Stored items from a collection
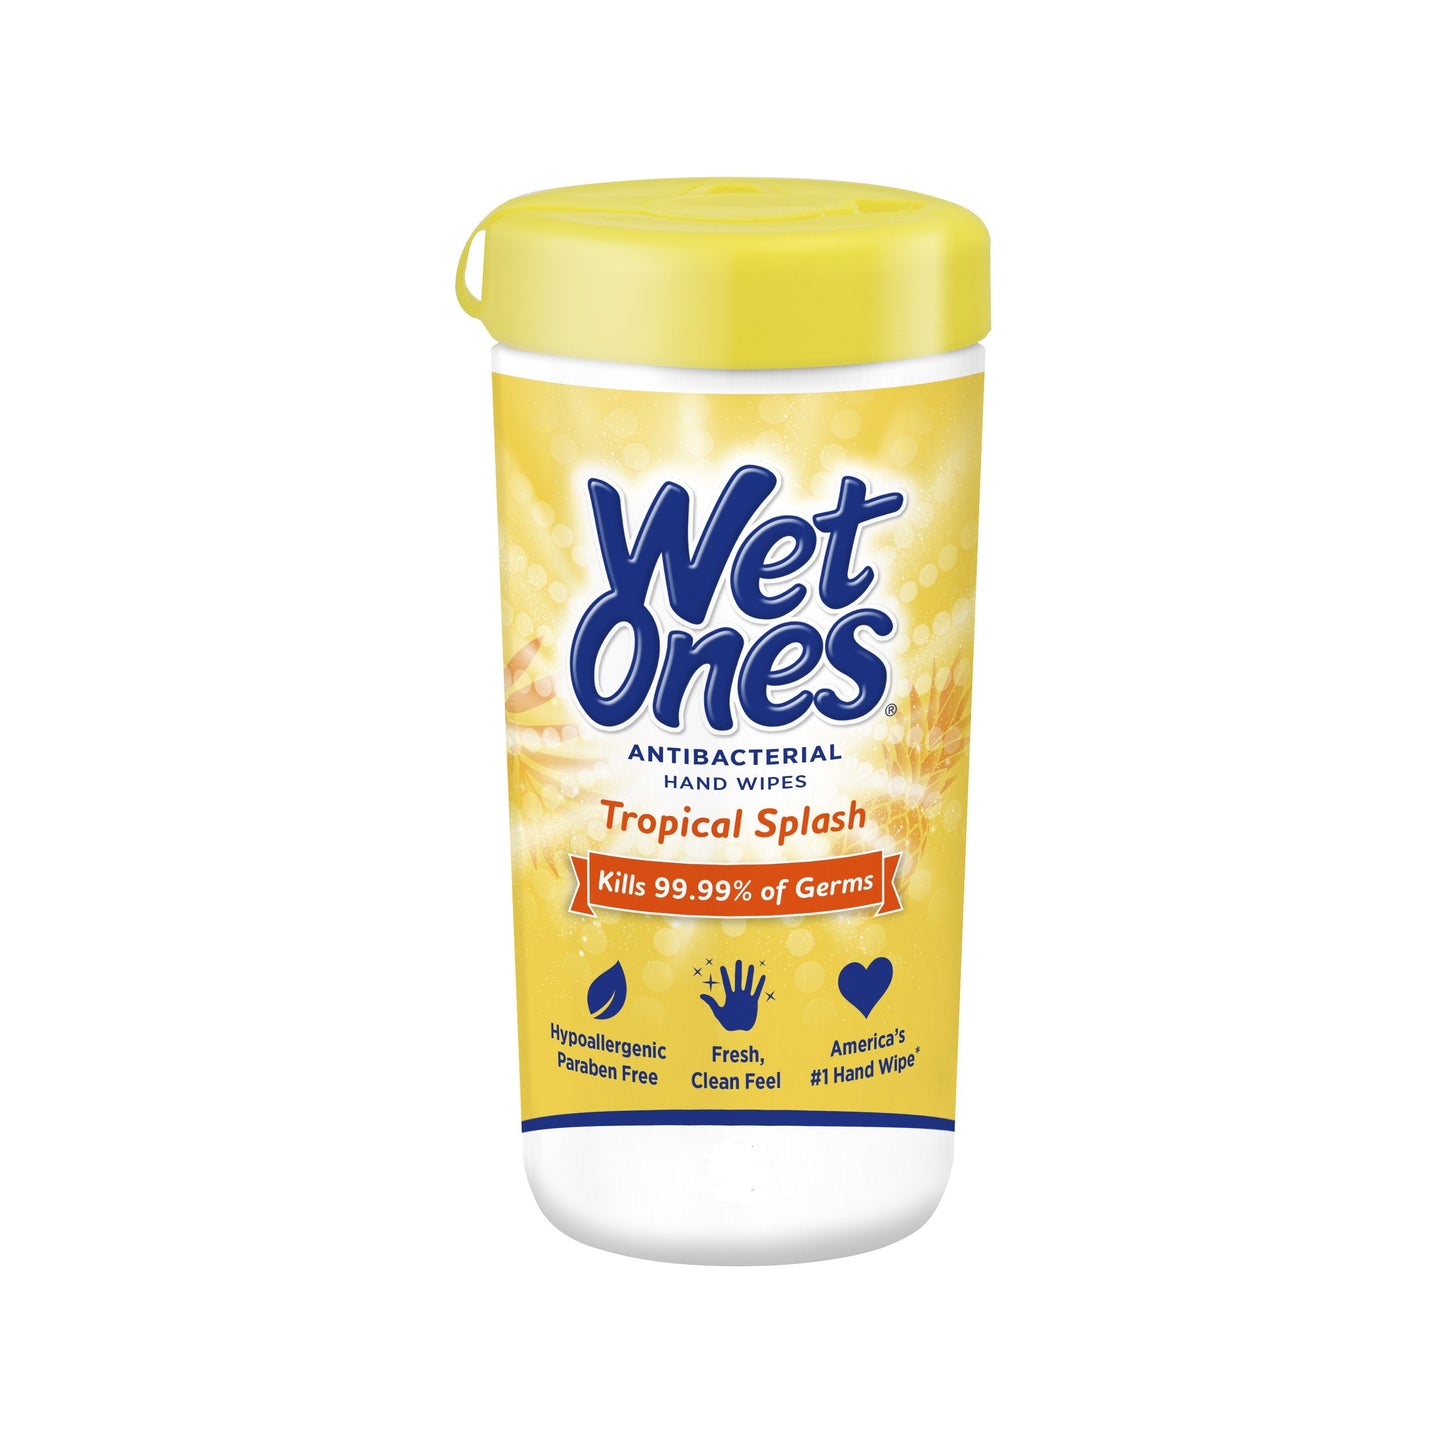 Wet Ones Antibacterial Hand Wipes 40ct (2 pack), Tropical Splash
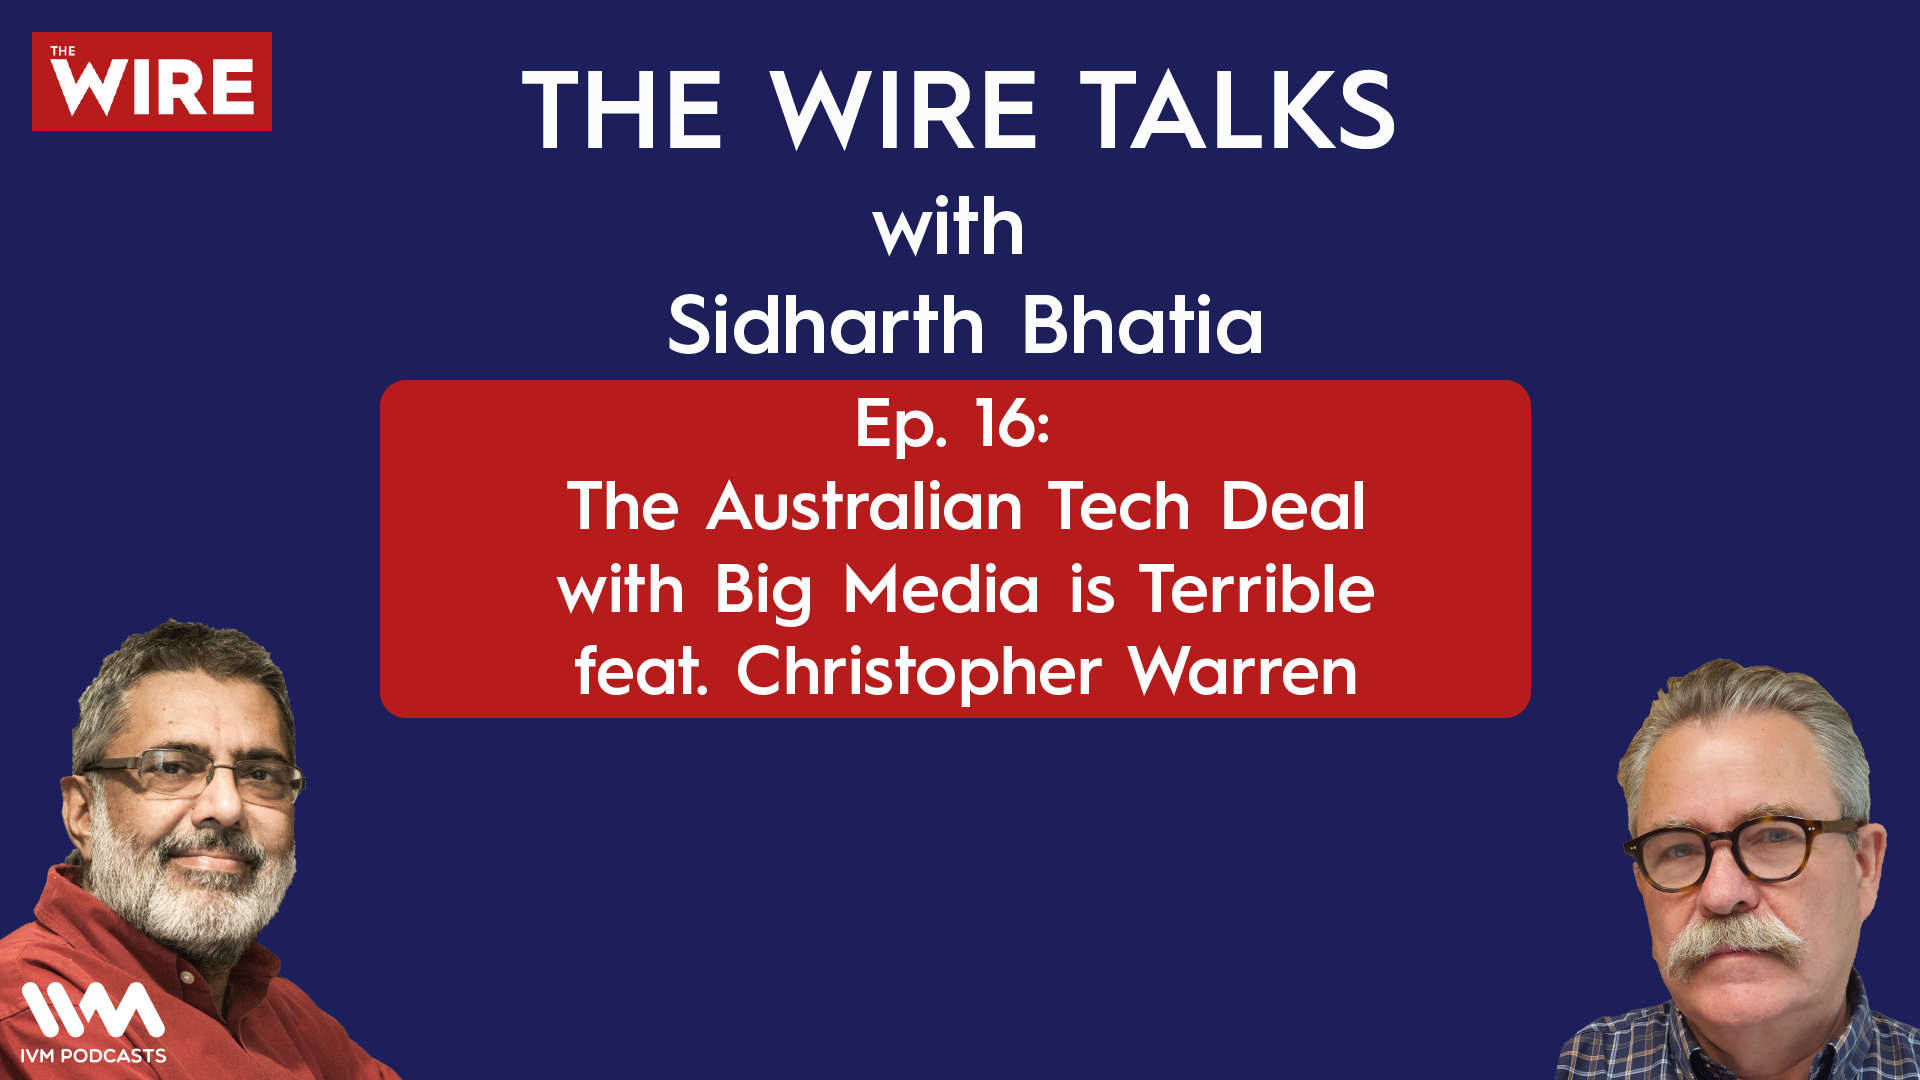 The Australian Tech Deal with Big Media is Terrible feat. Christopher Warren
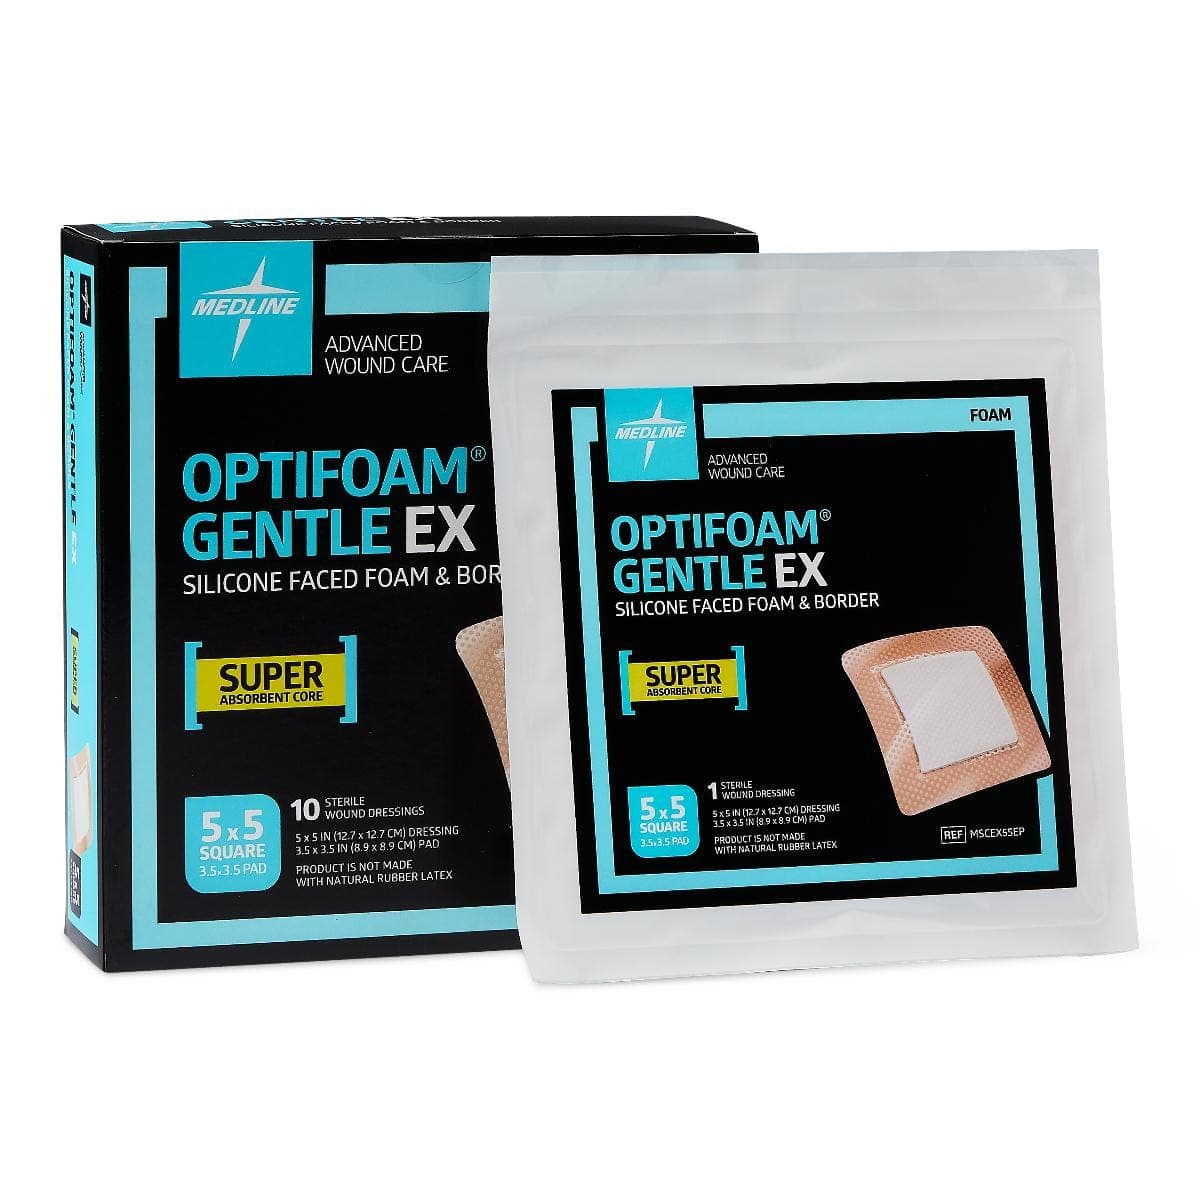 Medline Medline Optifoam Gentle EX Silicone-Faced Foam Dressings MSCEX55EP
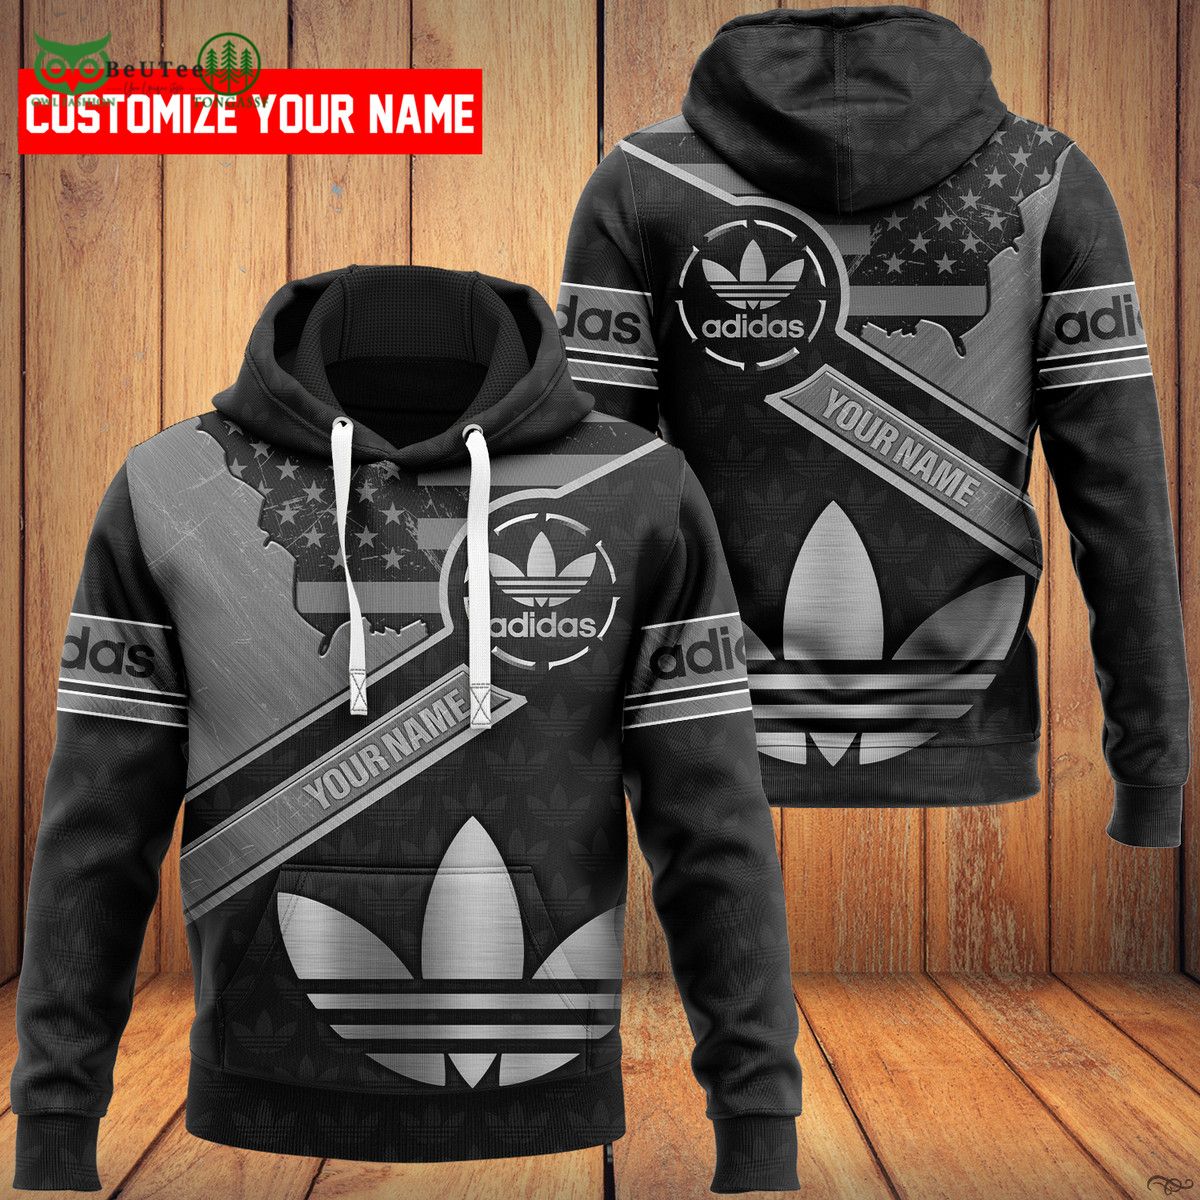 adidas black americ flag personalized hoodie and pants 1 uI775
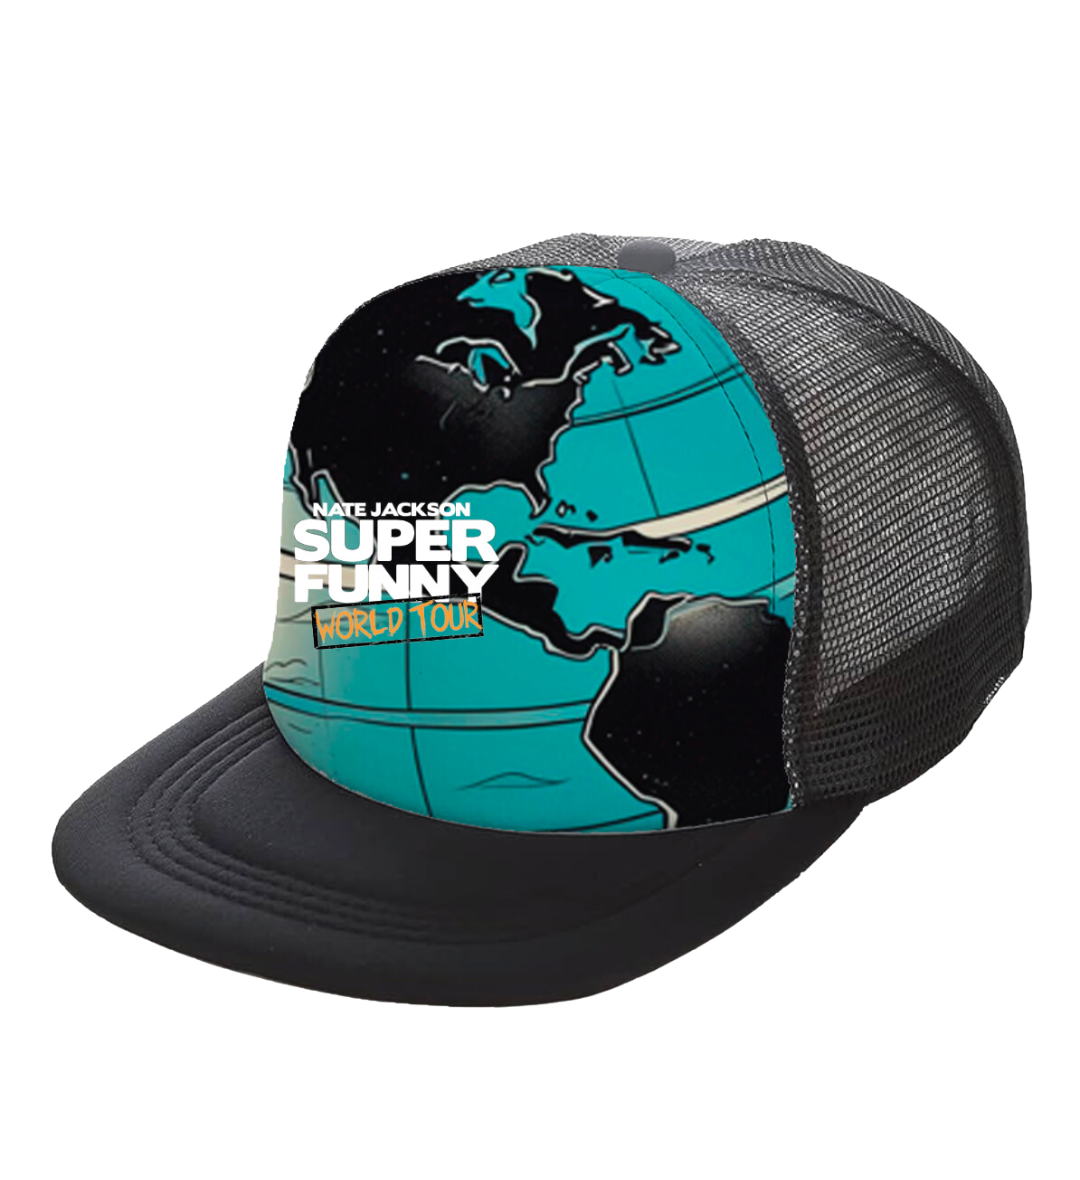 Super Funny Globe Trucker Hat

WHAT THE TASK ASKS:
All of the data gets printed again exactly; the pictures do not.

WRITTEN RESPONSE:
 Wet Ones Antibacterial Hand Wipes 40ct (2 pack), Tropical Splash
 The Australian Tech Deal with Big Media is Terrible feat. Christopher Warren
 Medline Medline Optifoam Gentle EX Silicone-Faced Foam Dressings MSCEX55EP
 adidas black americ flag personalized hoodie and pants 1 uI775
 Super Funny Globe Trucker Hat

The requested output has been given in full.